** Work order **
Print the listing below only from the line that has "Microsoft desktop backgrounds free" through the line that has "NovoFemi Treat Itch & Odor suppo", exactly, and drop any picture.
*** Data to examine ***
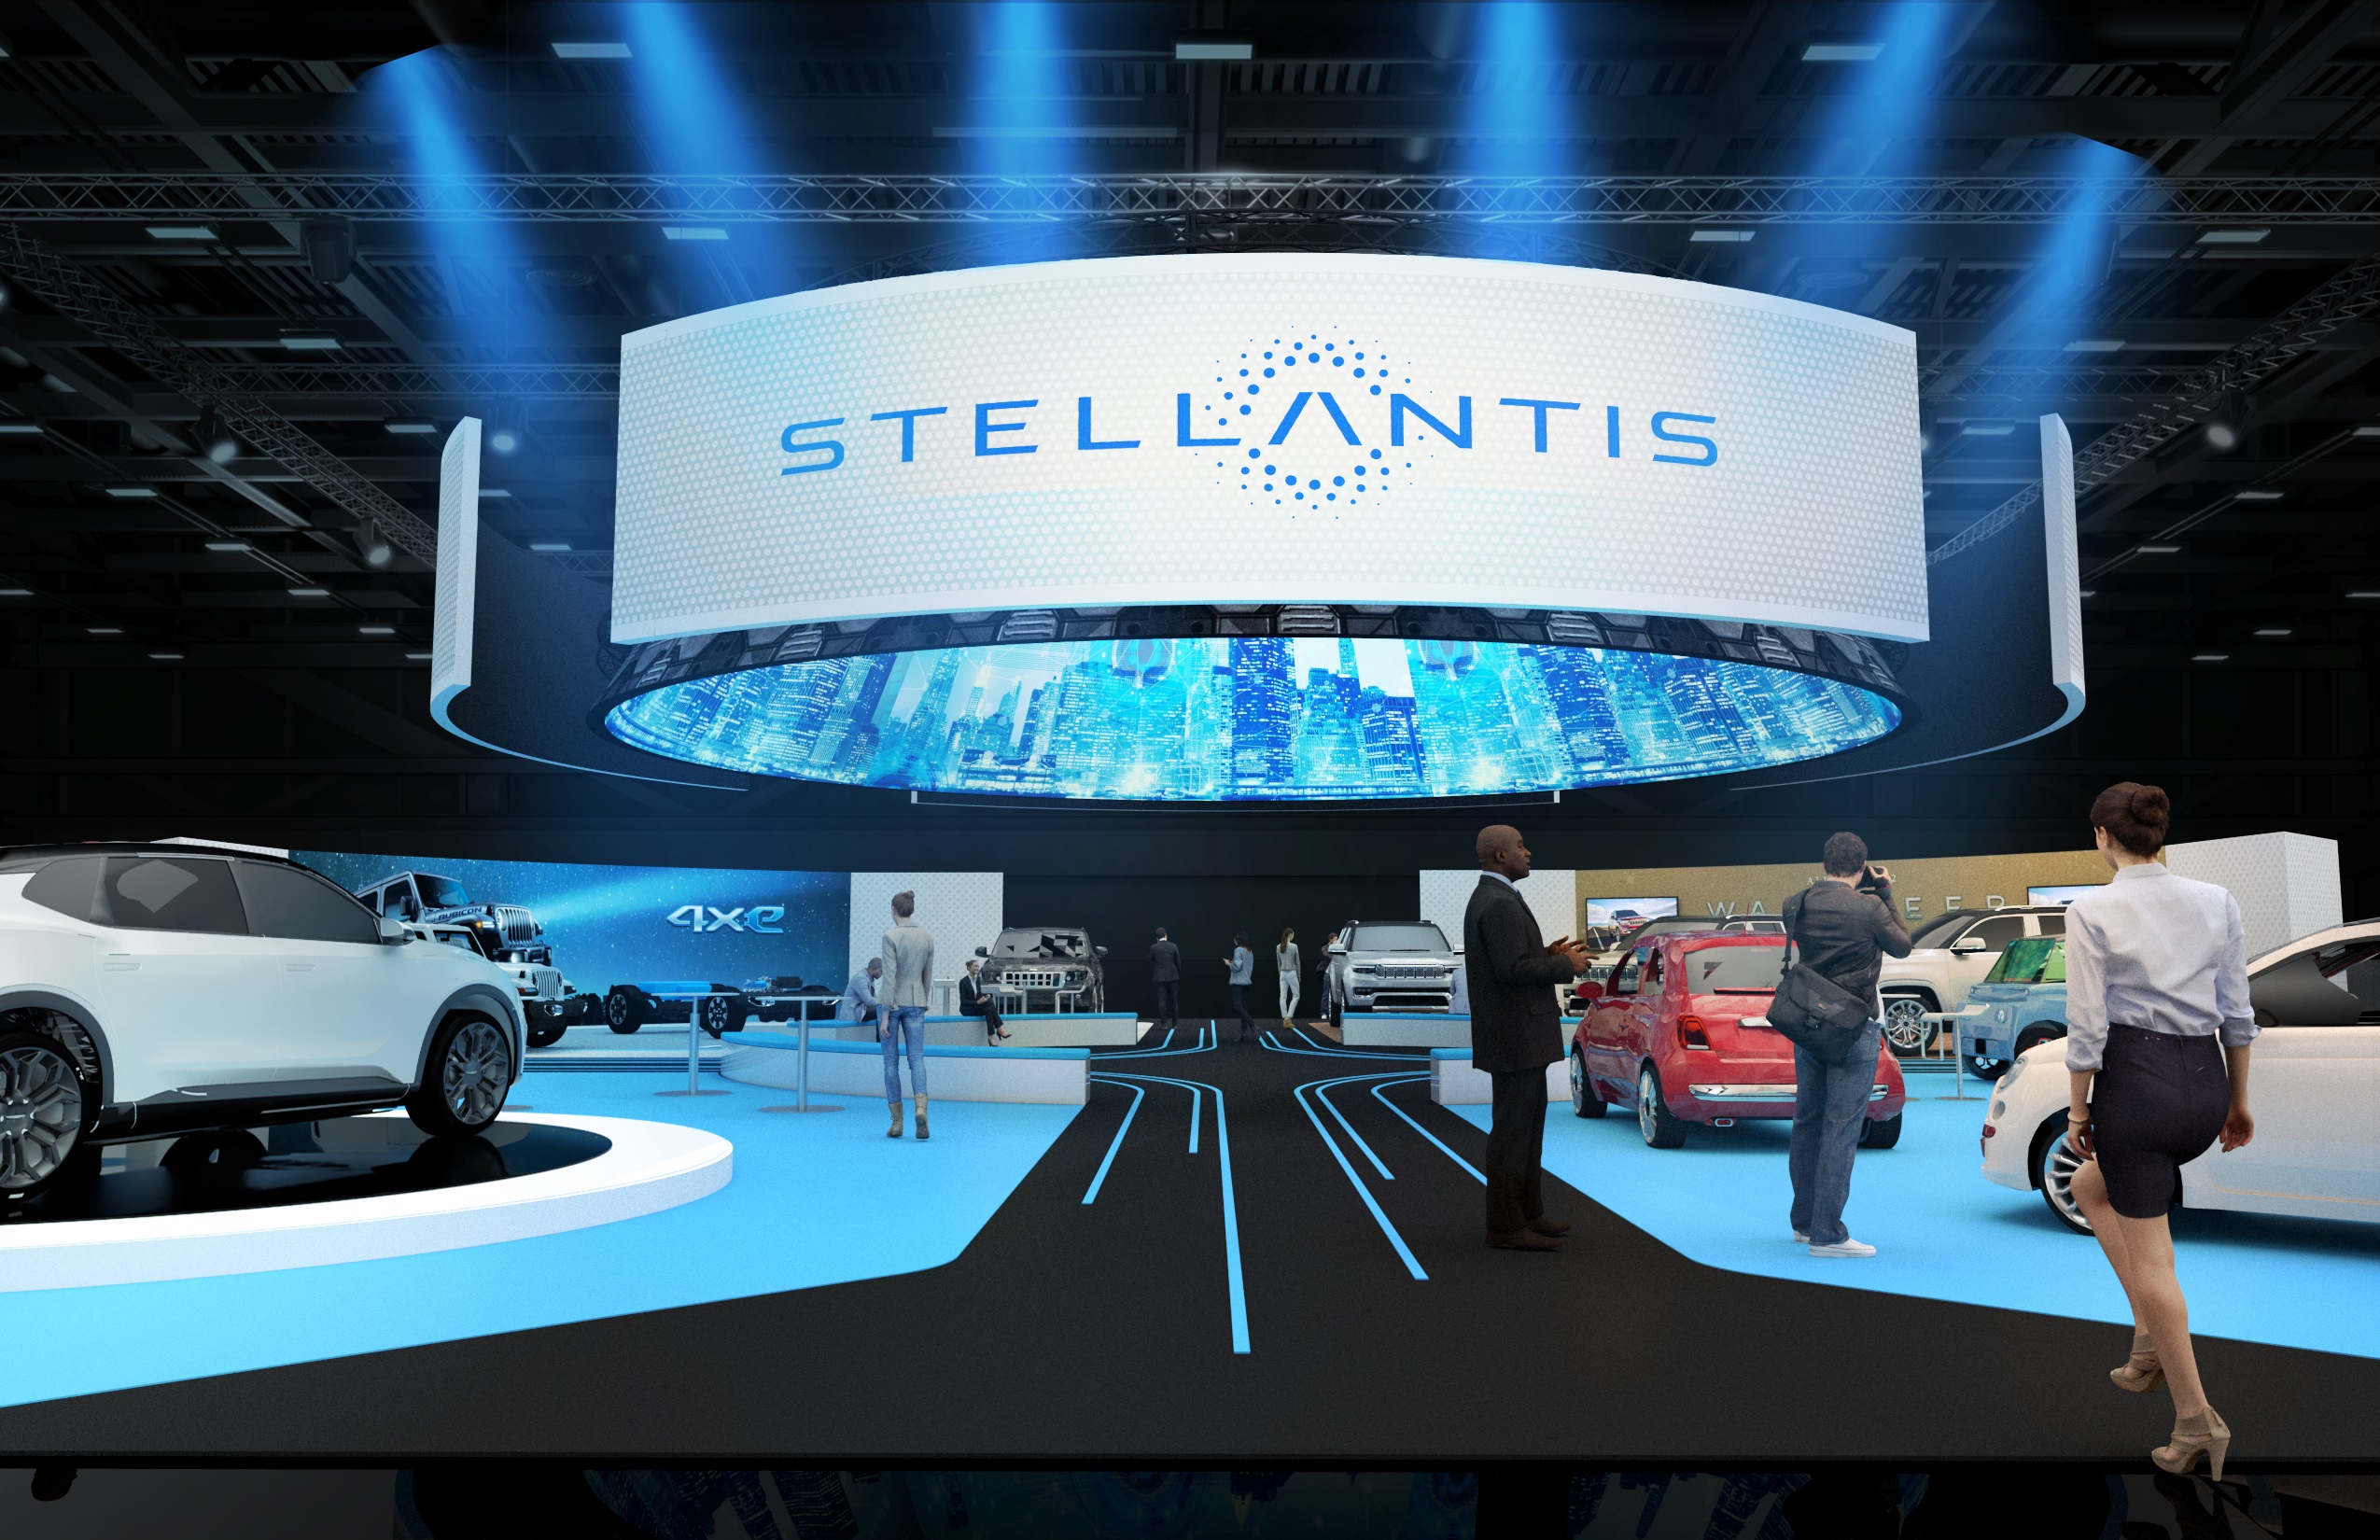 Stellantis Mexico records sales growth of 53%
*** End of Data to examine ***
*** Data to examine ***
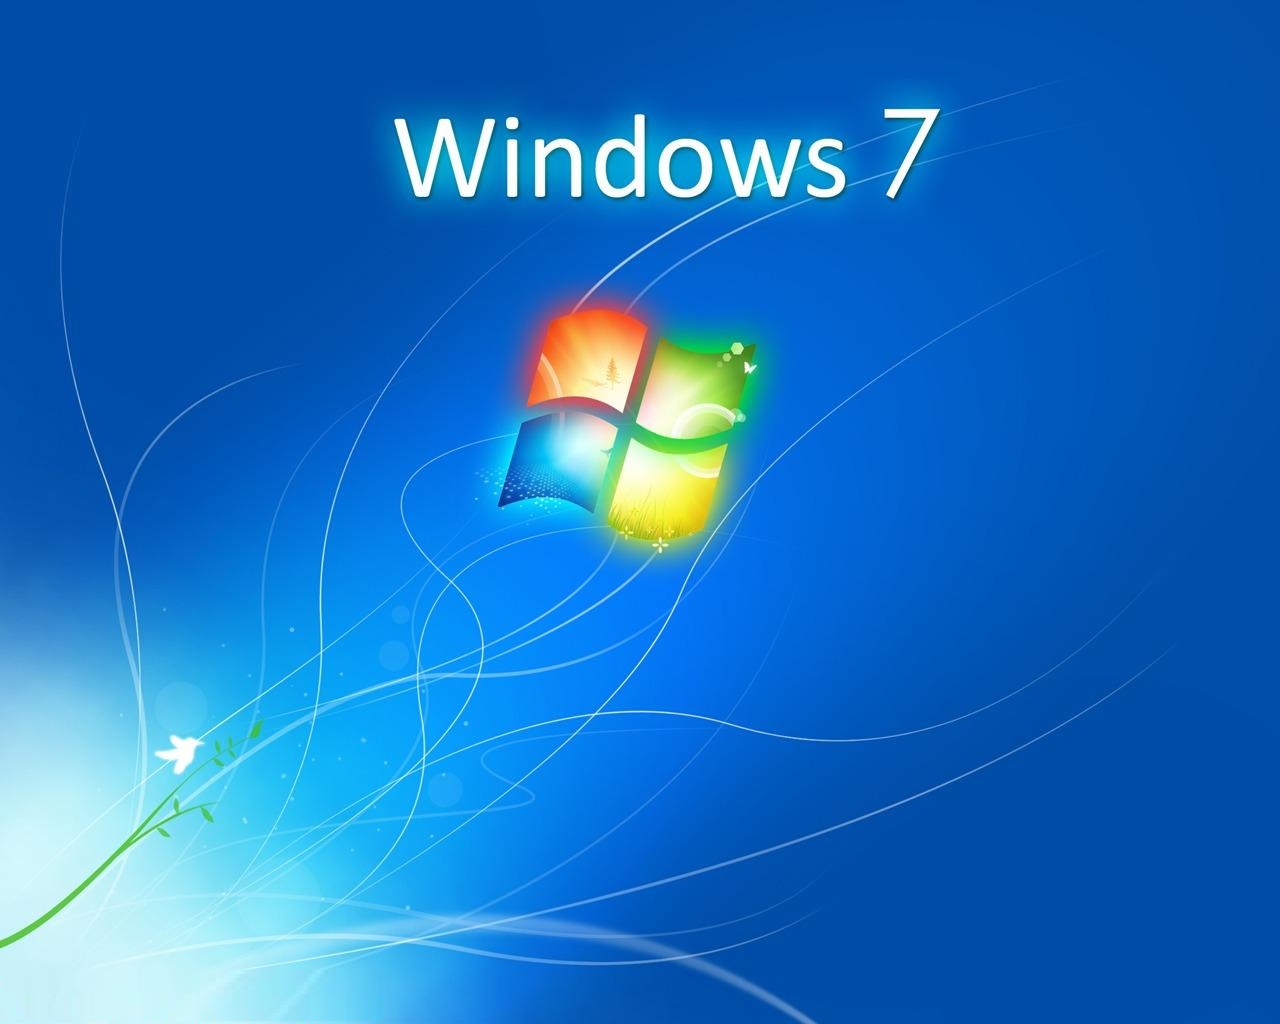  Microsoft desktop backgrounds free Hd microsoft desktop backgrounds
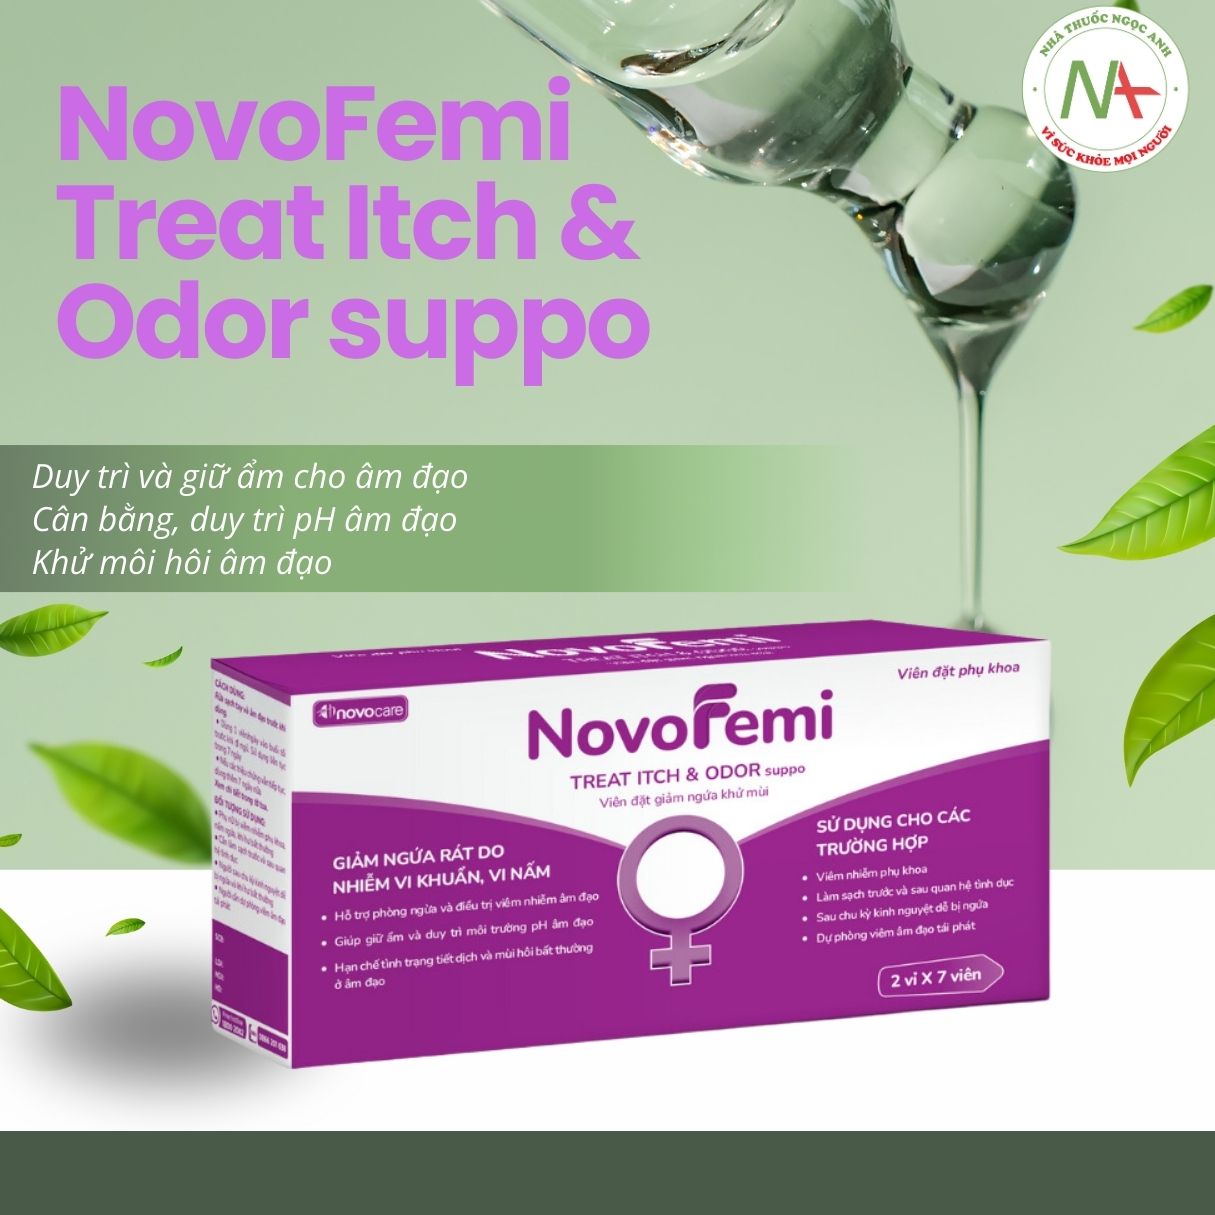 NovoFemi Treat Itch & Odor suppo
*** End of Data to examine ***
*** Data to examine ***
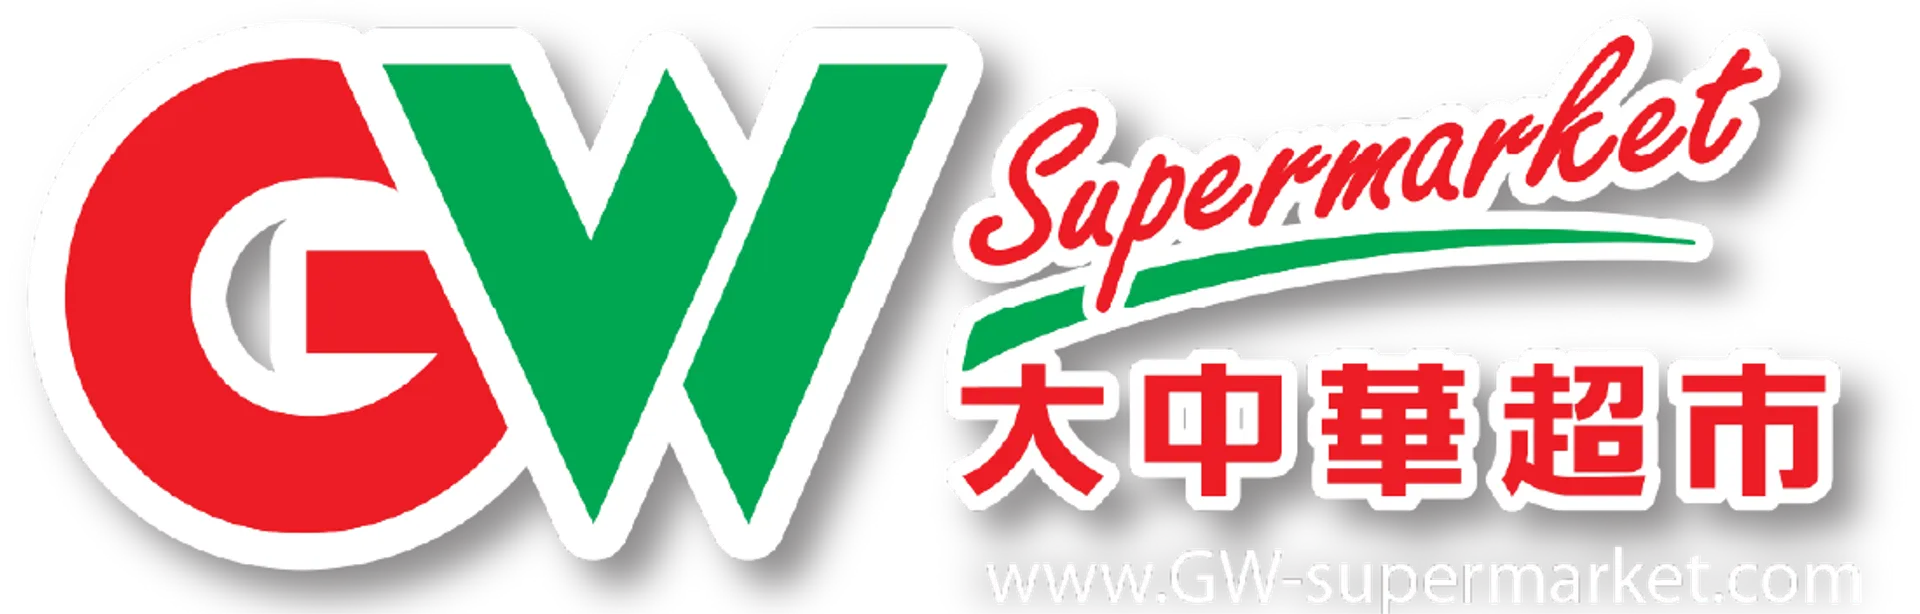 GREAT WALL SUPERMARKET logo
*** End of Data to examine ***
** Written answer **
  Microsoft desktop backgrounds free Hd microsoft desktop backgrounds
 NovoFemi Treat Itch & Odor suppo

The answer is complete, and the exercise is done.